5. Analysis of Network Anomaly Traffic with EDM-Fuzzy Entropy

Entropy-based time-series complexity measurement methods are widely used in fault diagnosis and anomaly detection of various complex systems. In this section, we apply EDM-Fuzzy in network traffic anomaly characterization and detection. The analysis of anomaly traffic characteristics based on MSE of Euclidean distance is an important part of the study of abnormal traffic. In this section, two anomalies of botnet and DDoS attack will be analyzed by Euclidean distance multiscale entropy. This section will calculate the entropy value of these two abnormal network protocol time series to obtain the entropy curves of the two and study the characteristics of the abnormal traffic by comparing the difference in the entropy curves.

5.1. Botnet Traffic in ARP

In this section, we will study the EDM-Fuzzy entropy characteristics of 13 types of botnets abnormal ARP traffic in the CTU-13 dataset. According to the TCP/IP architecture, the ARP protocol is located in the IP layer of the network layer, and its main function is to provide address translation services and find the network physical address of the host corresponding to the IP address. We first calculate the entropy values for each type of botnet using ARP protocol traffic data in the CTU-13 dataset at time scales from 1 to 40. The entropy curves of 13 types of botnets in the CTU-13 dataset with scale factors from 1 to 40 are shown in Figure 2.

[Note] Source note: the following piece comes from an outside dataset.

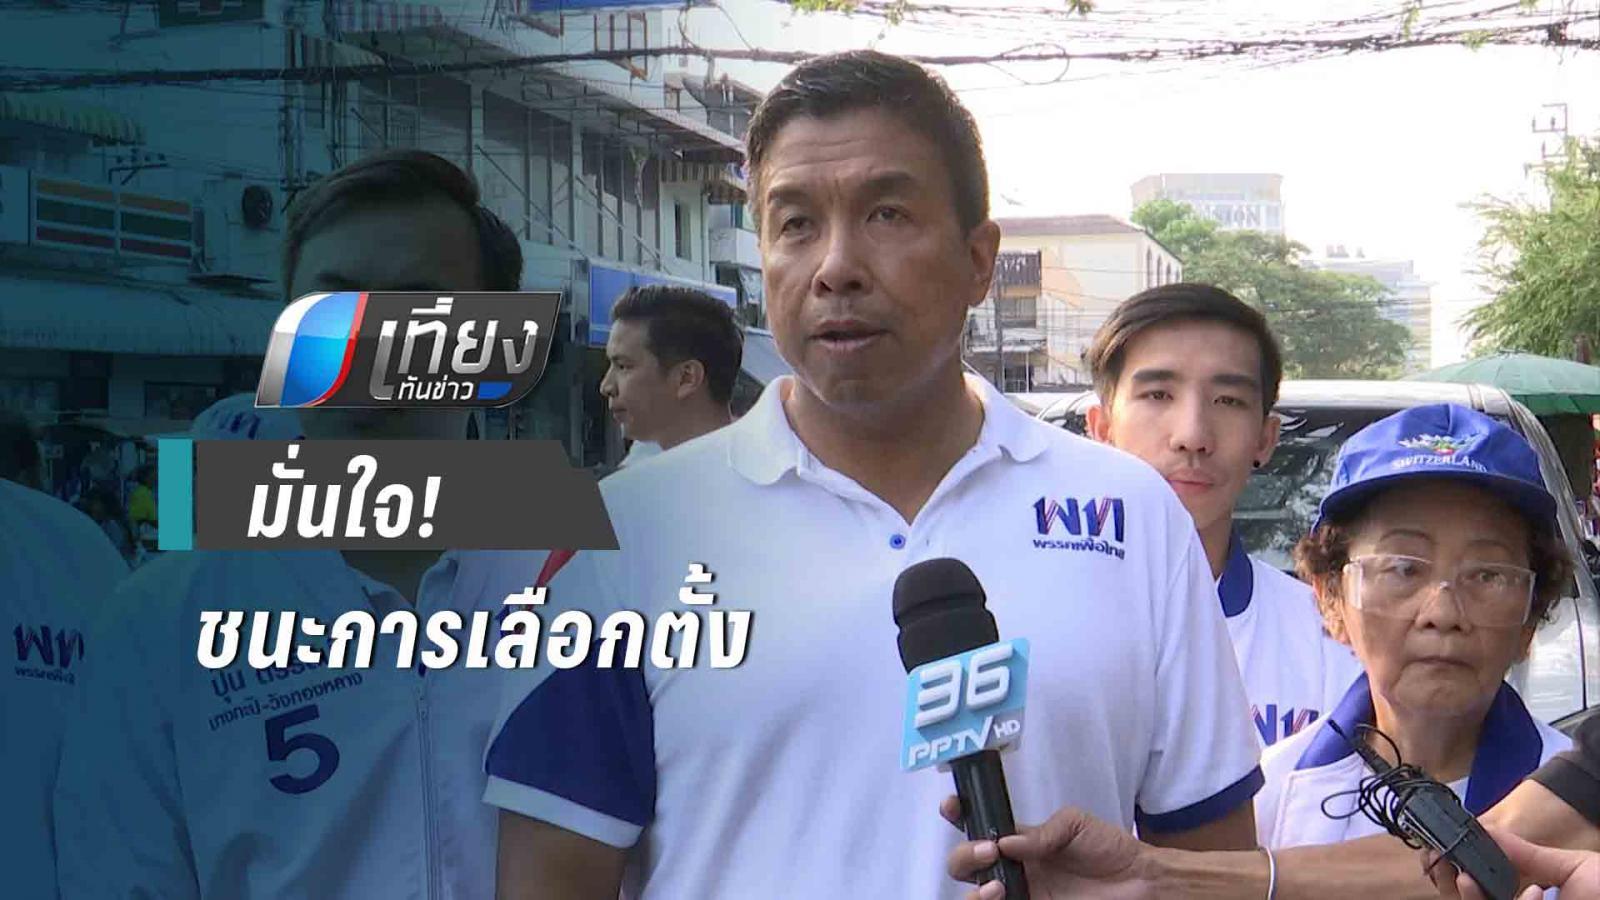 """""""ชัชชาติ"""" ลั่นต้องเลือกเพื่อไทยแบบถล่มทลาย คาน เสียงส.ว.250"""

As can be seen from the figure, there are common trends shared by entropy curves of most types of botnet traffic. More specifically, there is a reflection point for 11 entropy curves (Neris-1, Neris-2, Rbot-1, Rbot-2, Virut-1, Menti, Sogou, Murlo, Neris-3, NSIS.ay, and Virut-2) when the time scale is 20, and the second reflection point appears at the time scale of 30 for all entropy curves. For the above 11 types of botnet ARP traffic, the entropy values between the inflection points increase first and then decrease. The trend of the entropy curves of Rbot-3 and Rbot-4 is different from other types of abnormal behavior. Entropy curves of Rbot-3 and Rbot-4 are in a steady growth state when the time scale is around 20, but when the time scale is 30, there is also an inflection point. Moreover, entropy values of Rbot-4 are significantly larger compared to those of other types of anomalies. The above results illustrate that the attack methods of Rbot-3 and Rbot-4 are different from the other types of botnets. This difference is caused by the way they infect hosts, and the complexity of the botnet is consistent with the complexity of the ARP protocol.

5.2. DDos Traffic in ARP

In this section, we will study the EDM-Fuzzy entropy characteristics of the malicious traffic of the distributed denial attacks on November 3 and December 1 in the CICDDoS2019 dataset. Through analysis of the trend of entropy values, it is possible to understand more characteristics of DDoS attack traffic. As introduced in the dataset, there were seven and ten types of distributed denial attacks launched on November 3 and December 1, respectively. In this section, we first calculate the entropy value of the ARP traffic of each type of DDoS attack in the CICDDoS2019 dataset at time scales from 1 to 40, and the entropy value curves are shown in Figures 3 and 4.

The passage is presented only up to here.